The Fermented Food Frenzy
December 15, 2016
Contributors: The Nutrition Twins
Probiotics, which are the good, “friendly”
bacteria that your body needs to crowd out the harmful bacteria that naturally
exist in your digestive tract, have been a hot nutritional topic for many
years. While you can consume probiotics in pill form, fermented foods are a
great, natural food source of these healthy bacteria.
This is also why you’ve probably started
seeing kimchi, kombucha, kefir, miso and sauerkraut on your supermarket shelves
or local restaurants, and why sourdough bread is back on the “good” list. It’s
because these foods are fermented, so they’ve been gaining popularity as the
benefits of probiotics are becoming known. If you want a healthy gut—and a
healthy body—you’ll want to read on.
Many believe that the key to digestive health
is balancing out the good and bad bacteria in your gut. Probiotics may improve
your digestive and immune health and alleviate certain digestive woes and
accompanying diarrhea by crowding out the harmful bacteria with healthy
bacteria. There’s research to support that probiotics may help keep your gut
healthy, alleviate irritable bowel syndrome (IBS), inflammatory bowel disease
(IBD) and skin conditions, improve urinary, vaginal health and oral health,
prevent allergies and colds, and help to prevent infectious diarrhea (caused by
viruses, bacteria, or parasites) and antibiotic-related diarrhea. Studies also
show that gut bacterial imbalances are also linked with depression, arthritis
and other illnesses.
Don't want to take a
supplement? Then enjoy fermented foods.
Fermented foods not only contain probiotics,
they also feature vitamins and minerals that aren’t found in the same foods
that haven’t been fermented. Thanks to the probiotics that “pre-digest” food
for you, fermented foods also help you absorb more nutrients. For example, if
you’re eating fermented cabbage, also known as sauerkraut, the probiotics in
the cabbage are hard at work breaking down the plant cell walls so you can
absorb more vitamin C from the cabbage to boost your immunity and improve your
skin.
Which foods are fermented?
There are a lot of fermented foods, including
tempeh, kimchi, pickled fruits and veggies, kefir, sauerkraut, miso, fermented
cheeses, buttermilk, sour cream, soy sauce, cider, vinegar, yogurt and bread,
teas like kombucha, and even beer and wine.
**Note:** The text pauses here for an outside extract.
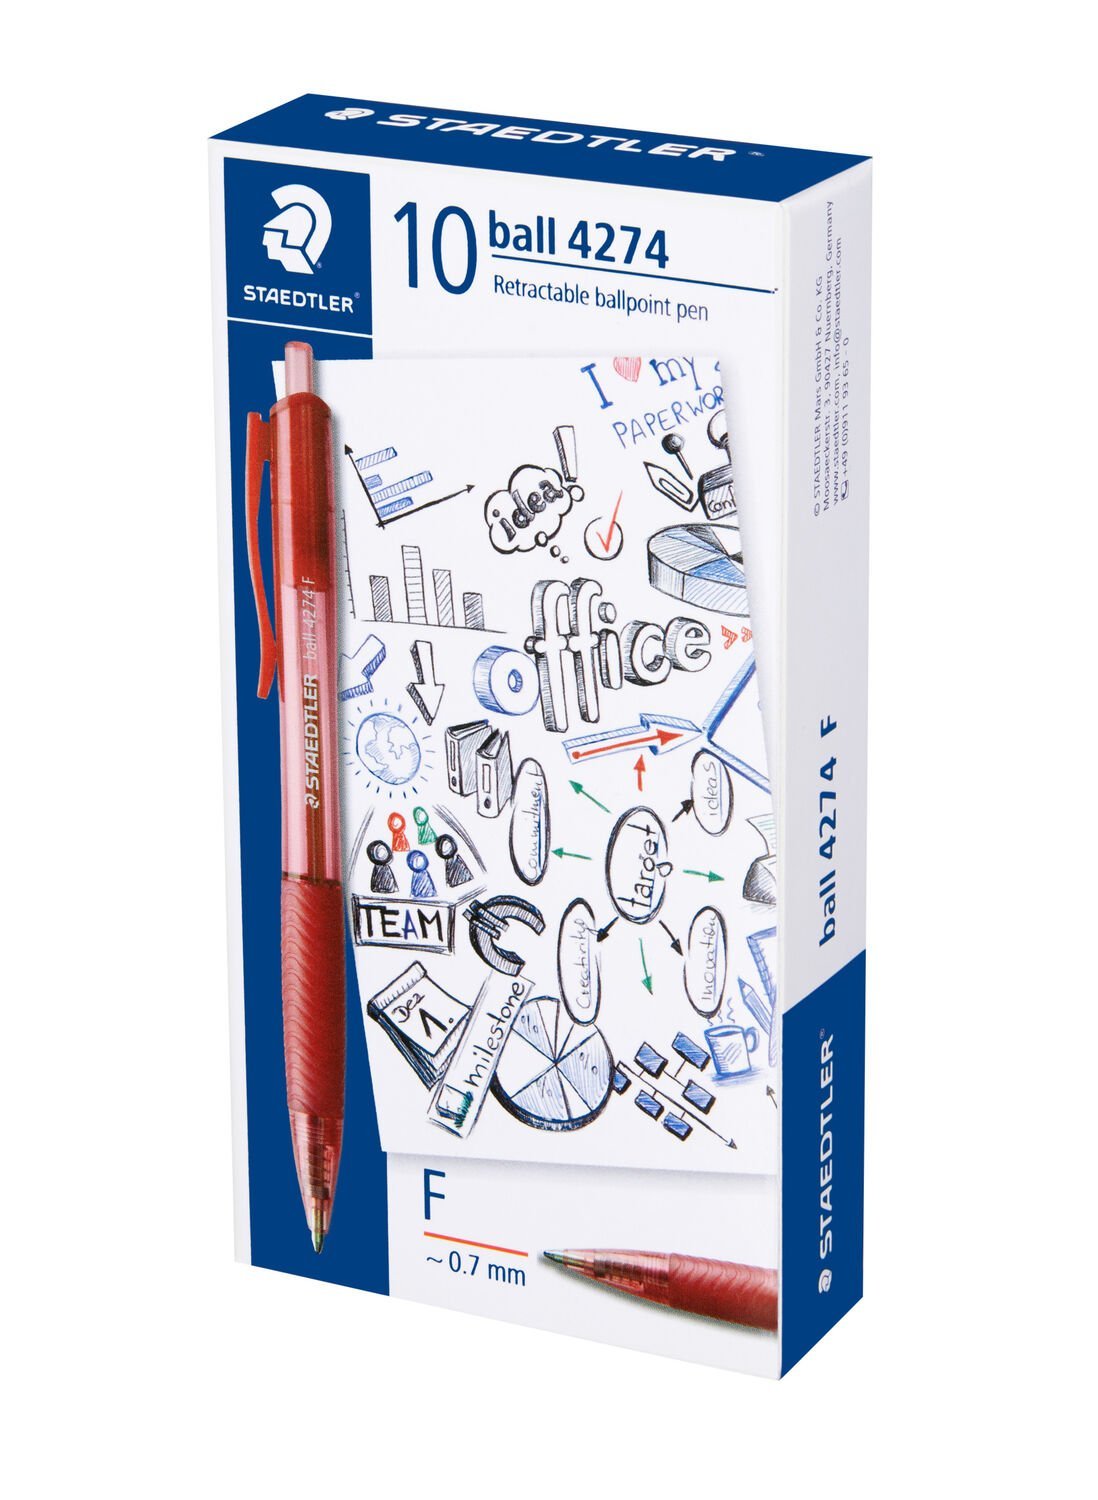 Ball 4274 - Retractable Ballpoint Pen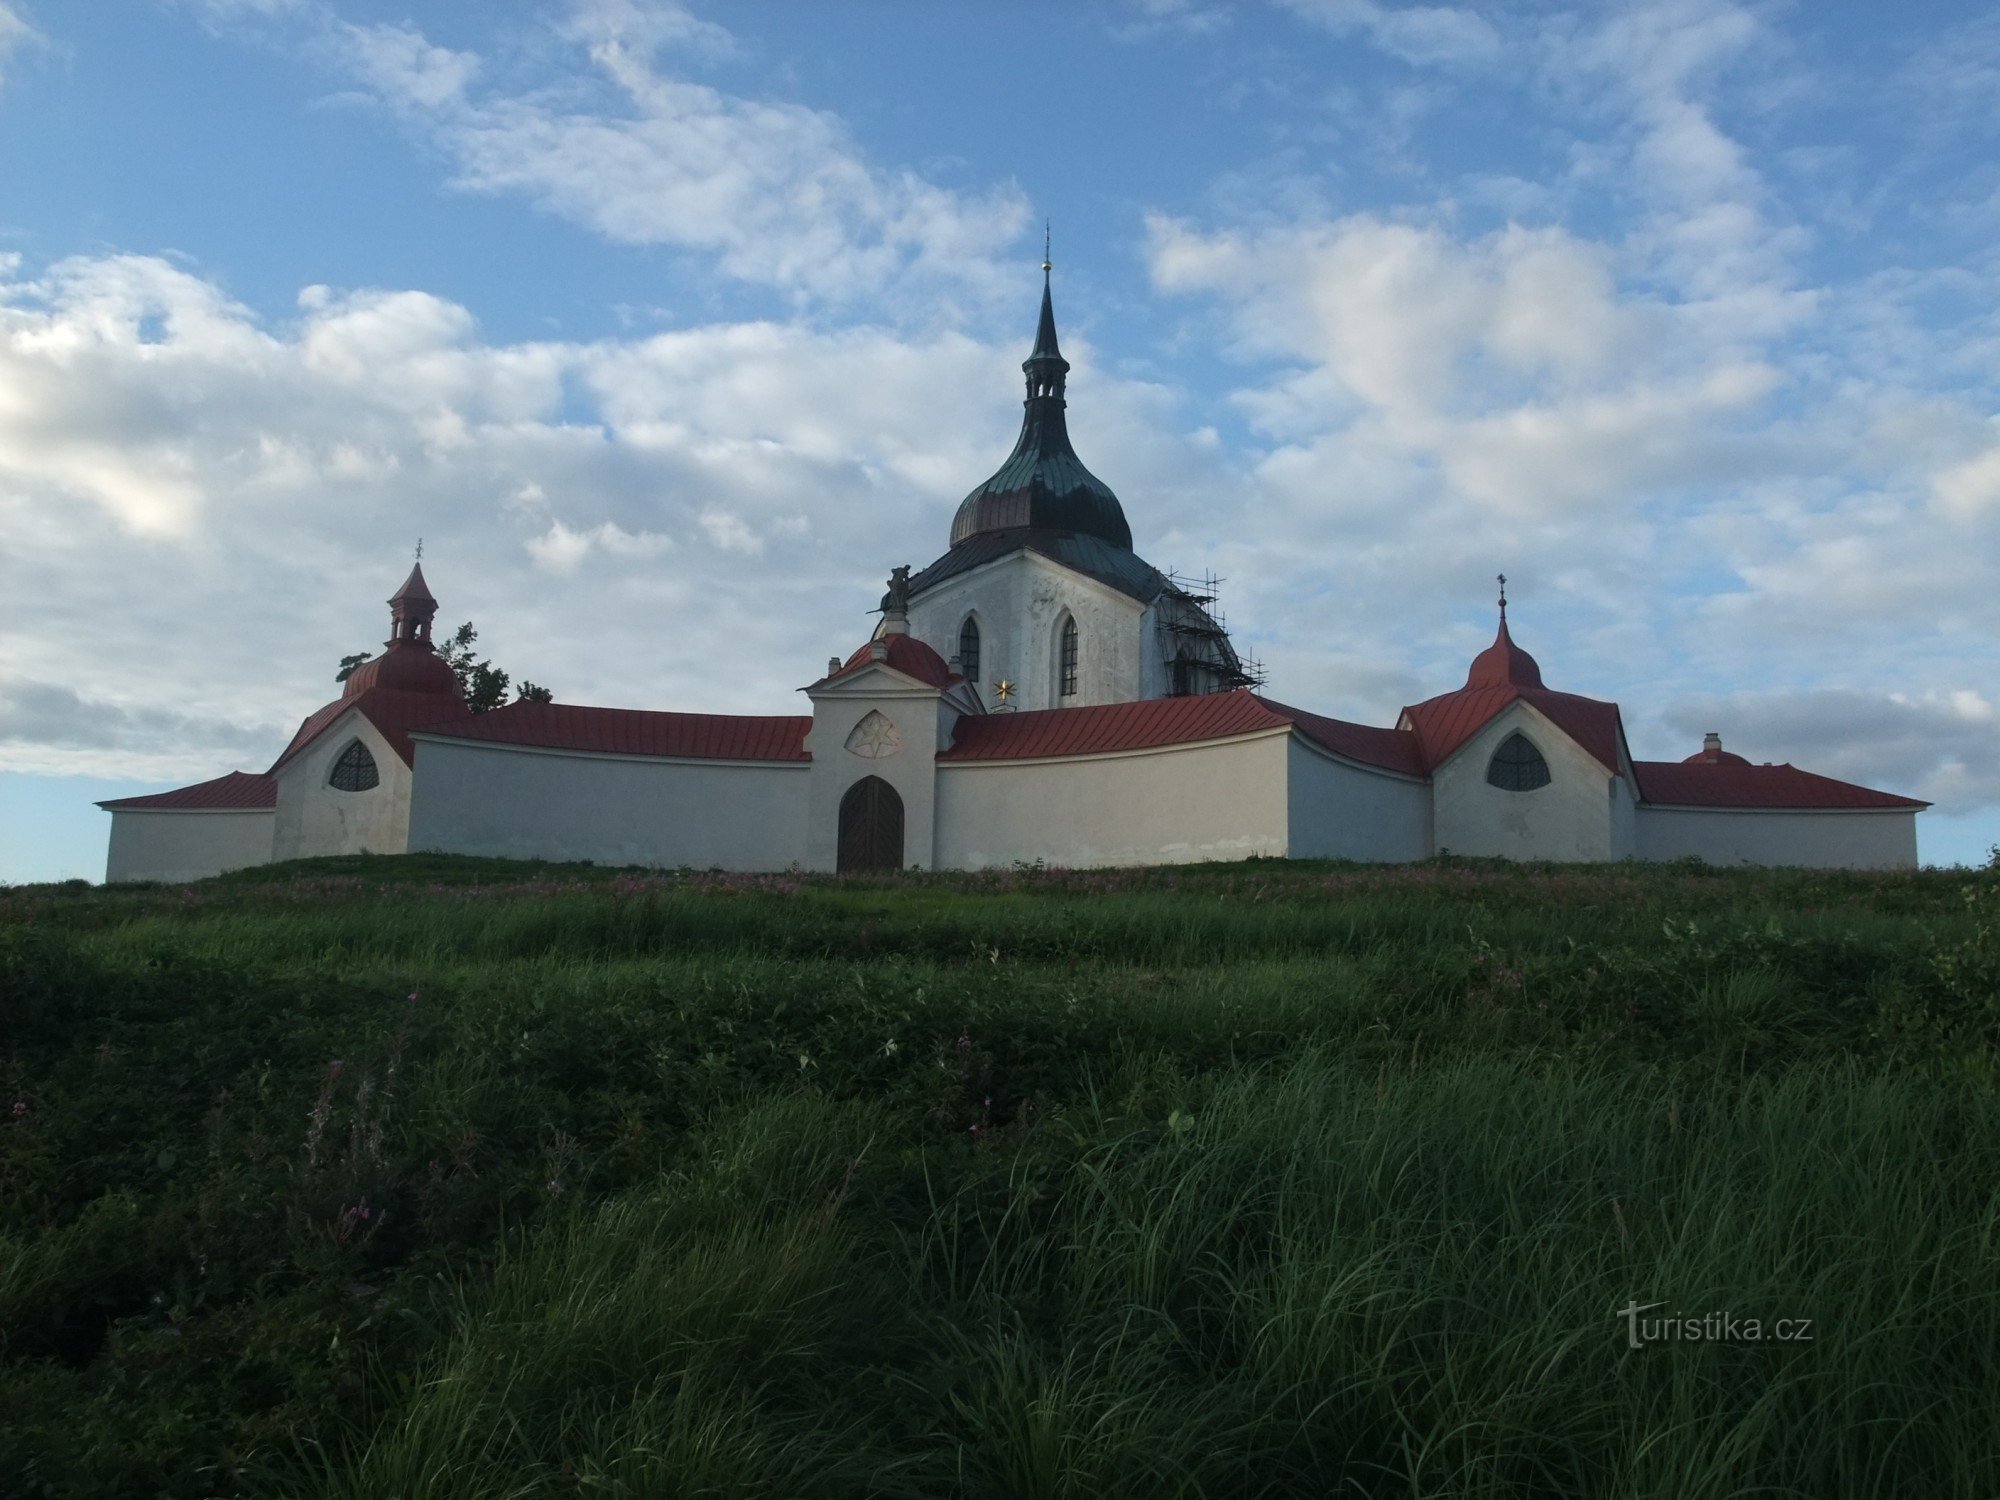 Паломническая церковь св. Ян Непомуцкий

Here’s the low-down on some of the
best probiotic sources:
Tempeh – Award for Best
Vegetarian Protein for Probiotics. This excellent vegan source of protein and probiotics is made from
naturally fermented soybeans.
Miso – Award
for Best Condiment for Probiotics. This fermented paste made from barley, rice or soybeans is no
longer just for miso soup. Today, trendy restaurants are featuring this
probiotic source on fish, meats and other foods. The flavor is bold, but be
aware that it’s also high in sodium.
Sauerkraut and
Kimchi –Award for Veggies With the Most Probiotics. No longer just for the Reuben sandwich, sauerkraut, which is
fermented cabbage, is very low in calories and a great source of probiotics and
fiber. Veggies like kimchi (and sauerkraut) are made from vitamin C- and
fiber-rich cabbage and are preserved via natural lacto-fermentation.
Yogurt – Award
for Most Versatile Food With Probiotics. Some of the best
sources of probiotics are yogurts that contain live and active cultures (check
the labels to make sure the one you choose contains active cultures). Always
keep yogurt refrigerated as the probiotics in yogurt must be kept cold to
survive. Yogurt can be added to smoothies or morning oats or used instead of
milk in cereal.
Kefir – Award for Fermented Food With Wide Range of Probiotics.This
fermented milk drink tastes a bit like drinkable yogurt and is rich in calcium
and probiotics. However, while yogurt is typically fermented with only
lactobacillus bacteria, kefir is also fermented with yeasts so it has
additional probiotics. Be aware that flavored kefir typically contains added
sugars.
Try these kefir popsicles: Fill the popsicle mold
halfway with nonfat plain kefir. Add water to the fill line and add two to
three drops of liquid stevia. Stir thoroughly and freeze. Once frozen, allow the
popsicle to soften for several minutes before enjoying.
Kombucha – Award for the Best Probiotic-containing Tea or Cup of
Joe Replacement. This tangy, effervescent tea, which is
typically made with black or green tea and flavored with juice and herbs, can
have positive benefits on your digestive system. Be aware, however, that
store-bought kombucha may be high in sugar (about 8 grams in an 8-ounce
serving) and contain about 60 calories a bottle. We typically suggest avoiding
beverages that contain calories to help prevent excess calorie consumption, but
if you don’t need to watch your weight, this is a good option for getting
probiotics.
Note: A small amount of alcohol is sometimes produced during
fermentation—usually less than 0.5 percent alcohol by volume. However, some
kombuchas may contain up to 2 or 3 percent alcohol.
Sourdough
Bread – Award for Bread With the Most Probiotics. Sourdough bread is fermented and therefore contains
probiotics.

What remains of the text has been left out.